Tools expose the quality of the process around them.

That is why the same technology can be transformative in one organization and exhausting in another. The difference is often not the installation. It is the surrounding system.

Processes deserve exactly the same scrutiny.

A rule is not a strategy merely because it is written in a handbook or enforced by a platform. Mandatory reviews do not automatically improve quality. Release windows do not automatically improve stability. A ticket does not automatically create governance. Push protection does not automatically create safe delivery.

Every new process should begin with a falsifiable problem statement:

We observe X.
It causes Y.
We believe process change Z will improve it.
We will measure A and B for eight weeks.
We will keep, change, or remove the process based on the result.

Without that logic, “best practice” often means “a rule we copied without understanding its cost.”

The Push Rules Example

Imagine someone proposes new repository push rules:

• nobody may push directly to main
• every change needs two approvals
• all conversations must be resolved
• administrators may not bypass the rules
• every repository receives the same policy

The proposal may be reasonable. It may also be process theater.

“We think strict rules are cool” is not an engineering justification. Neither is “serious companies do this.”

Start with the problem. Perhaps direct pushes caused unreviewed production changes. Perhaps a regulatory control requires separation of duties. Perhaps incidents repeatedly involved changes without a second pair of eyes. Those are concrete reasons.

Then design the smallest process that addresses the evidence. A critical payment service may need two reviewers and signed commits. A documentation repository may need one passing check and no mandatory reviewer. An emergency path may need a controlled bypass because preventing recovery during an incident would be worse than allowing an audited exception.

Finally, define success before enabling the rules:

• Did unreviewed production changes decrease?
• Did the change failure rate improve?
• Did review time or lead time become unacceptable?
• How often was the bypass used?
• Did developers split changes into smaller pull requests?
• Did approvals contain useful review or merely “LGTM”?
• Did incidents become easier to trace?

The number of repositories with the rule enabled is an adoption metric. It is not proof that the process improved engineering.

The Renovate Example

Renovate is a good example because the tool’s output is so visible.

The superficial discussion is “Renovate: yes or no?” One team says it keeps dependencies current and saves time. Another says it floods repositories with merge requests and annoys every developer.

Both teams may be describing their real experience.

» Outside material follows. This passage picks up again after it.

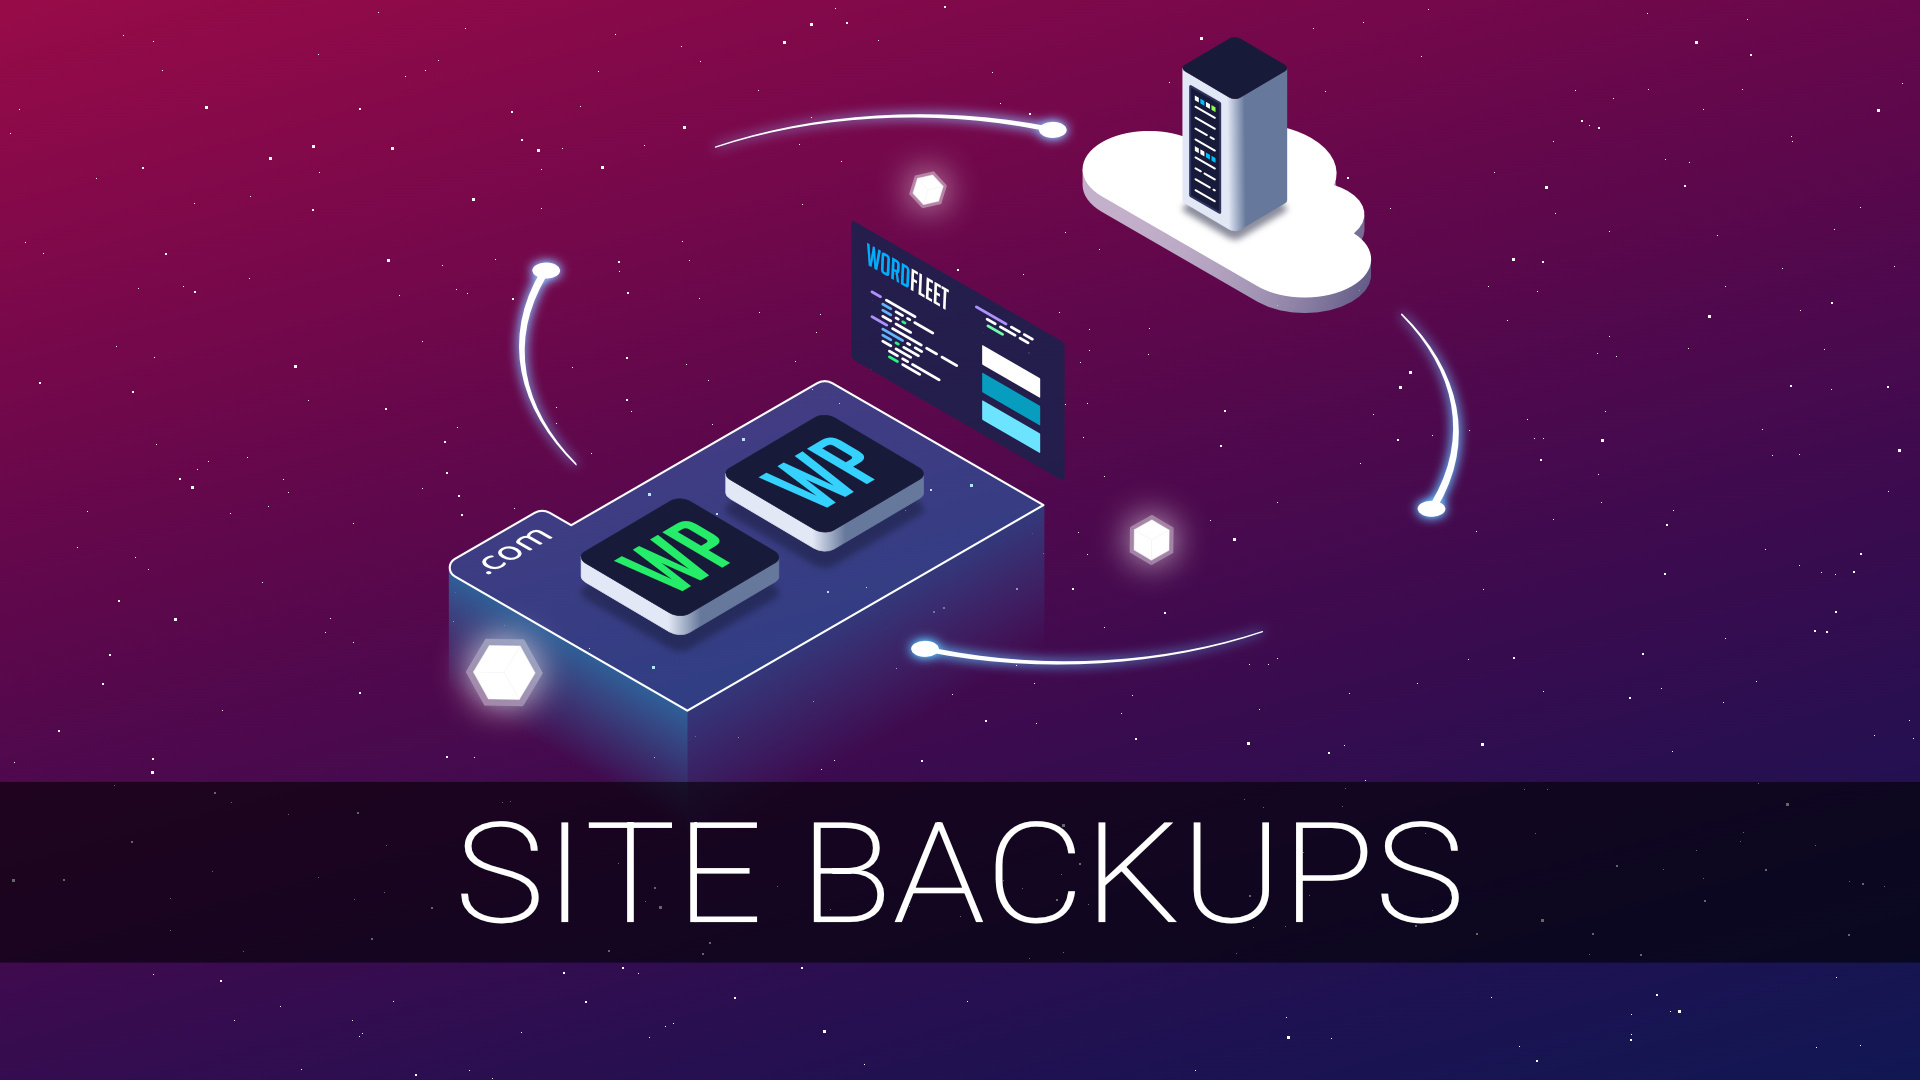 How to backup and restore a site

The meaningful topic is how dependency updates move through the engineering system:

• Are patch updates considered low-risk?
• Can the pipeline evaluate them reliably?
• Should stable patches merge automatically after a cooldown?
• Are minor development dependencies safe to automate?
• Should runtime minor updates be grouped or reviewed individually?
• Are major versions visible and scheduled?
• Who owns an upgrade that remains blocked?
• Can the service be deployed and rolled back safely?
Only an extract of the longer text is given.